Part of the book series: Progress in Soil Science ((PROSOIL))

Abstract

Proximal ground conductivity sensors produce high spatial resolution maps that integrate the bulk electrical conductivity (ECa) of the soil profile. For meaningful interpretation, variability in conductivity maps must either be inverted to profile conductivity or be directly calibrated to profile properties. Penetrating apparent electrical conductivity (ECa–P) sensors produce high depth resolution data at relatively fewer spatial locations. The objectives of this research were to (i) investigate the profile source of ECa in claypan soils via a detailed examination of ECa–P profiles; (ii) examine the potential for feature detection with ECa–P in claypan soils; and (iii) determine if ECa sensors can be calibrated to ECa–P features.

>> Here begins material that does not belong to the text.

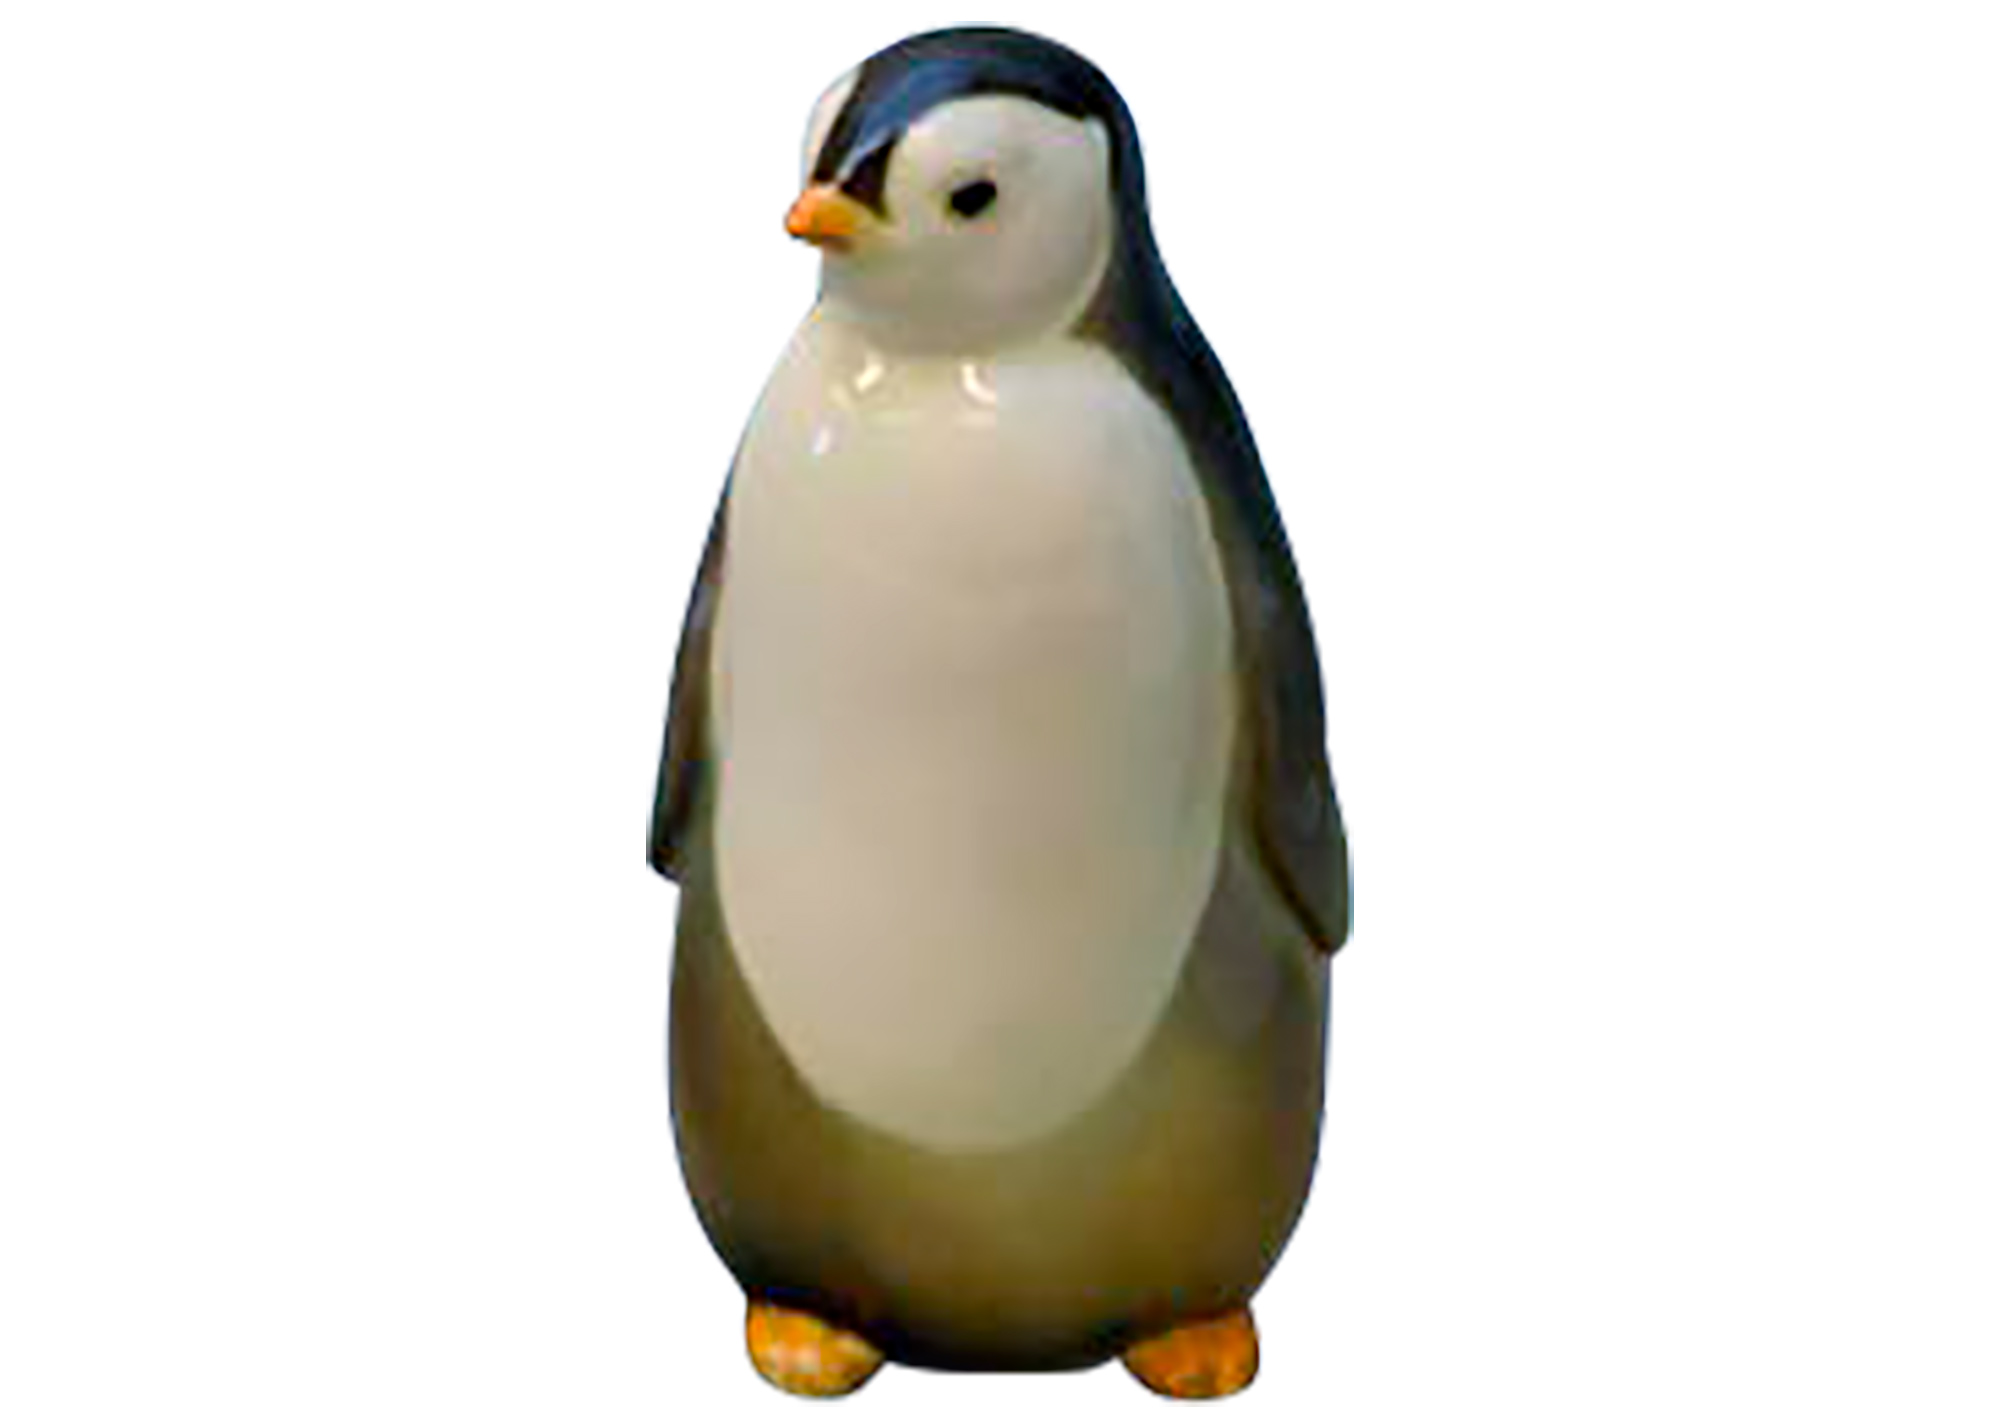 Buy Penguin Figurine Looking Right at GoldenCockerel.com

Two study areas were chosen representing the claypan soils of north-east Missouri, USA. Profile conductivity was measured at high depth resolution on soil cores using a miniaturised Wenner conductivity probe and in the field using a conductivity penetrometer. Proximal ground conductivity was mapped with one direct contact sensor and two non-contact sensors, providing five distinct coil/electrode geometries. Increasing ECa–P was observed below the claypan, correlated with decreasing clay and water content and increasing bulk density. Depth to the claypan was successfully calibrated to derivative peaks on ECa–P profiles (R 2 = 0.72, p < 0.001). Relationships between ECa and ECa–P features were poor (R 2∼ 0.21) to good (R 2∼ 0.87) on a field-specific basis. Results show that ECa–P can be used for calibration of ECa to the depth to claypan.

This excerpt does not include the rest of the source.